This is mostly a place-holder. Currently, just see the categorised reading-list.




In-Page Footnotes

Footnote 3: Which probably needs its own Note! These are intrinsic (ie. non-relational) properties that are “just had” by a persisting object at some time(s) but not others.

Note last updated: 26/03/2014 19:24:58


Footnote 22: (Concepts)

See "Unger (Peter) - I Do Not Exist" for the importance of concepts. Unger’s answer to the problem of vagueness – as exemplified by the “disappearing chair” problem (atom-wise annihilation of the chair … just when does it cease to be?) is that there never were any chairs, just our concept of a chair and atoms arranged chair-wise. We sit on the atoms, not on the concept, but we describe the atom-heap as a chair. But this concept is vague, or there is a family resemblance, so sometimes it’s not clear whether it applies or not. The big question is whether natural-kind objects exist independently of our conceptual schemes. Certainly they do as atom-heaps, unclear whether they do as concepts. So, various atom-heaps carry on existing, but whether our concepts carry on applying is vague.

Others (Van Inwagen?) take the view that only mereological simples and organisms exist, which seems to be a similar view.

There seems to be something special about natural-kind concepts, the persistence of whose exemplars (unlike those of artefact-concepts) don’t in any sense seem to depend on us and our concepts. Is PERSON a natural kind concept? If it isn’t, then are we simply left with rather inconsequential semantic4 arguments?

Are the arguments above really saying above that artefacts don’t exist? Presumably artefacts depend on us for their existence as artefacts5, though not as lumps of matter. Baker6 argues that a new ontological entity (a painting) comes into existence because of the relation of an object (a canvas plus paint appropriately distributed) to an art-world. I need to press Baker here. Are all her analogies truly analogous? Given evolution, even species-concepts (paradigms for natural kind concepts) are mobile rather than being eternally fixed. Yet Baker seems to think that it’s a relation to evolutionary history that makes an animal what it is (as distinct, presumably, from atoms arranged animal-wise).

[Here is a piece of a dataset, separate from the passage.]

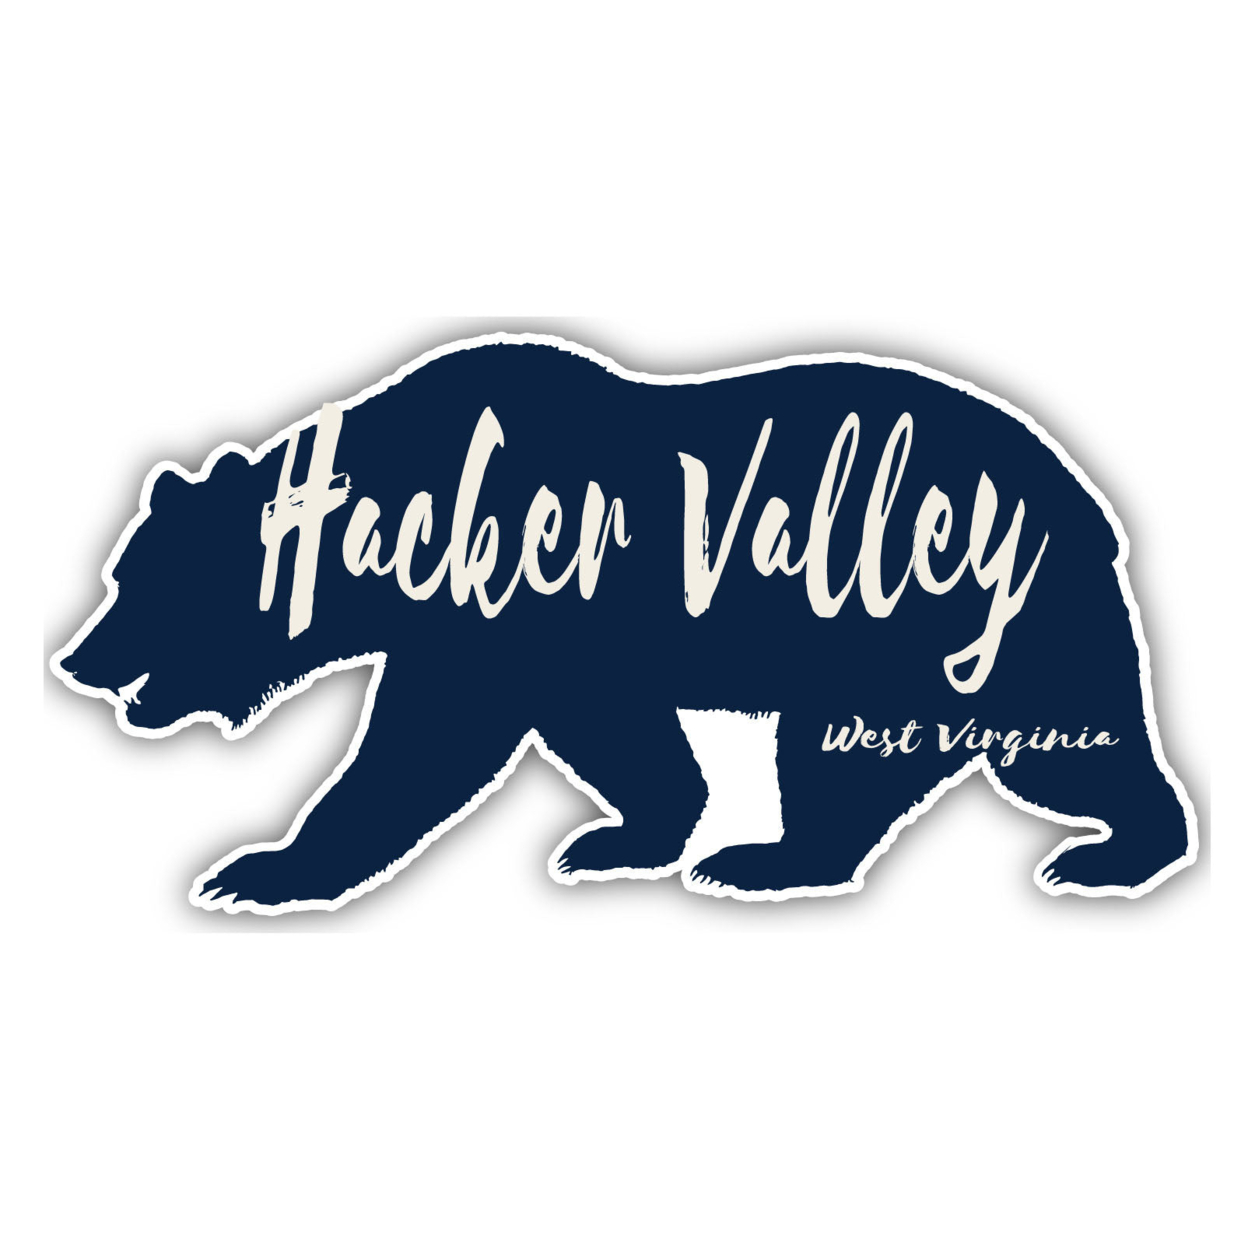 Hacker Valley West Virginia Souvenir Decorative Stickers (Choose Theme And Size) - Single Unit, 12-Inch, Bear

Note last updated: 25/08/2009 21:38:53


Footnote 22.4: (Semantics)

I need to separate those issues in the topic of personal identity that turn on matters of fact, and those that just depend on the meaning of our words.

Sometimes, it is not clear whether or not this is the case. For instance, Wiggins’s view (shared with many others) that we should use the term PERSON of individuals whose typical members have certain capacities will allow us to use the term of individuals who don’t presently possess these capacities. Then, if we accord certain rights to PERSONs in this sense, we may act differently to those who only confer the title PERSON to those with present capacities. So, there is a practical difference. But is this generated only by confusion over words? If that is what we mean by PERSON, then should we not then say that not all PERSONs have the same rights, and introduce a new term PERSON+ all of whose exemplars do deserve the rights? This will depend on whether PERSON is a natural kind concept, and whether this kind strictly relates to PERSON or PERSON+.

This is mostly a place-holder. Currently, just see the categorised reading-list (if any).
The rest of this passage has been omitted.